I come now to Tom Barclay, but before I tell about him, what he did to me and what I did to him, I have to tell about our pants, the hot pants Liz went out and bought, for her and me to put on, without telling Bianca we would, thereby causing a situation. It might sound frivolous, coming on the heels of such serious matters as potentially being accused of murder-but everything else stemmed from it, however trivial it might have seemed at the start.

It was the first week of July, and murderously hot in the Garden, even with air-conditioning. That was unusual in Hyattsville, because Prince George’s County doesn’t have it hot like in Washington, or in Montgomery County in Maryland, alongside Prince George’s but north of it; and vice versa, not such cold weather in winter. But we had it hot this time, and not being used to it, our clientele was feeling it more than some other clientele might. And of course all the girls were feeling it, especially Liz. During a lull one night she said to me: “Joanie, not to get personal, but are you getting damp, like? In a certain intimate place? That we don’t mention in mixed company, but between girls could be called the crotch?”

“Liz, it’s these velveteen trunks-”

“They’re nothing other than murder-”

“And, Liz, the pantyhose make it still worse.”

“Joanie, we’re doing something about it, but don’t ask Bianca’s permission, because she could say no for some reason, and I’m not sure what I’d do about it. I could blow my top, but don’t want to. You know what I mean, Joanie? I like it here.”

“What are you going to do?”

“You’ll see.”

So I saw, because next night here she came in with four pairs of chambray hot pants, in the same color the velveteens were, crimson. Or almost the same color-they were really more like maroon, which of course had some black mixed in, instead of blue. When I’d paid her for my two, one to wear, the other to wash overnight, she led the way back to the locker room, where we made the switch. “And Joanie,” she whispered, when we both had the velveteens off, “we take off the pantyhose too. And we don’t put them back on.”

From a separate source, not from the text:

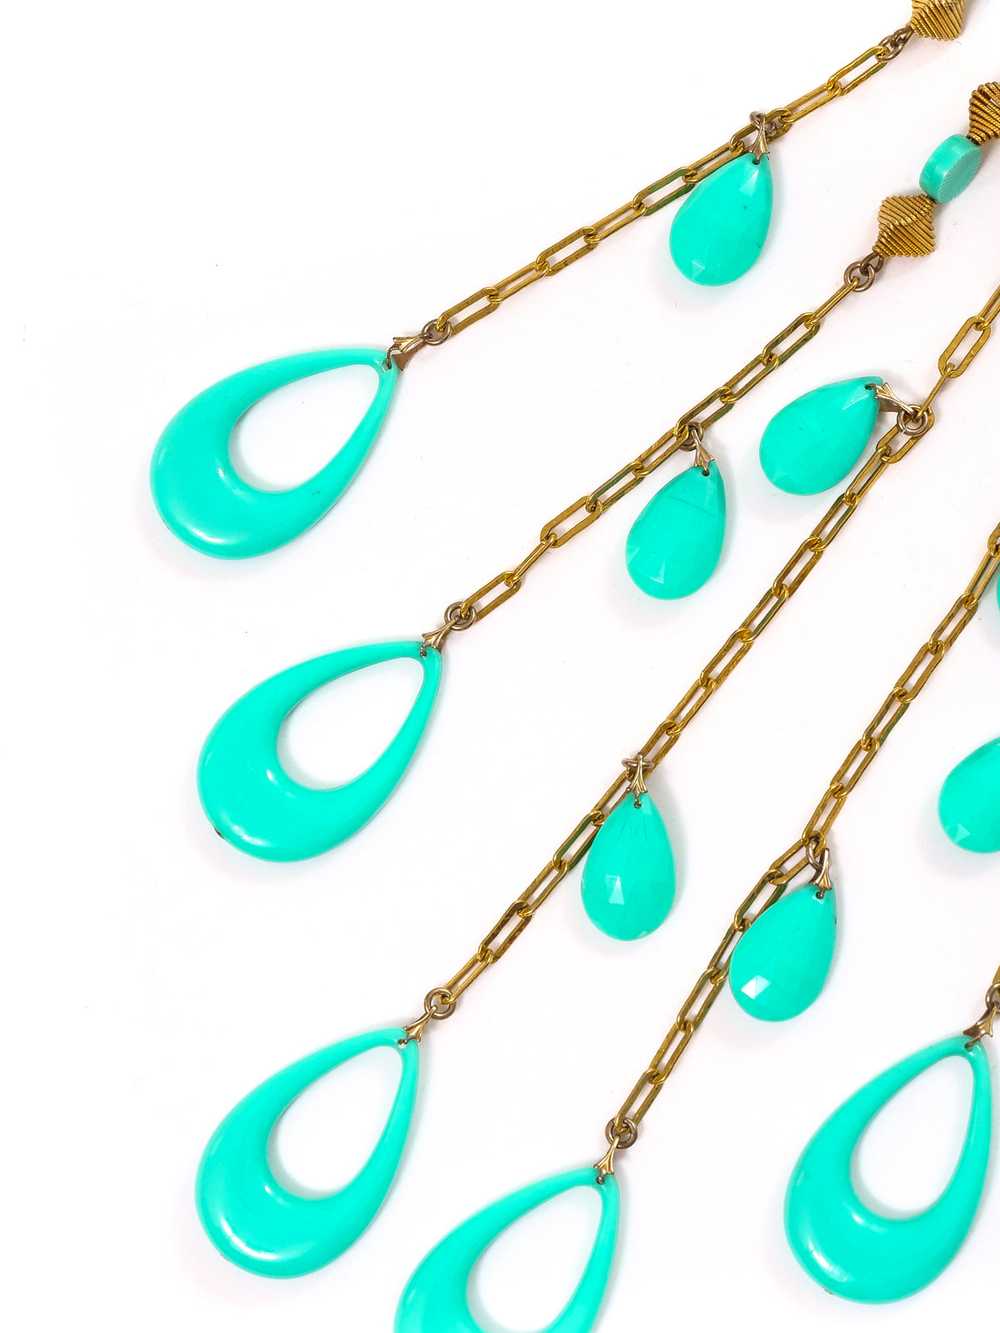 Turquoise Bead Fringed Necklace - image 4

“Are you sure we shouldn’t ask Bianca?”

“No, Joanie, we should not.”

“Why not? Why go looking for trouble?”

“That’s it, she might say no.”

And when I’d peeled the pantyhose off, and had put the hot pants on, pulling them up over skin, she said: “And, with the legs you got, Joanie, it could also be a nice feature. It could attract trade, you know what I mean.”

“Speak for yourself, why don’t you?”

“O.K., then, O.K.”

Under pantyhose I wear panties-there’s two schools of opinion about it, but decency, it seems to me, as well as personal cleanliness, wants that layer of silk, in against your personal parts. So, silk panties inside, chambray pants outside, both kind of loose, don’t forget-and topside the peasant blouse as I always wore it before to go out on the floor, when who should come in but Bianca. We had it hot for some minutes-she didn’t really have a good objection to offer, but insisted she should have been asked.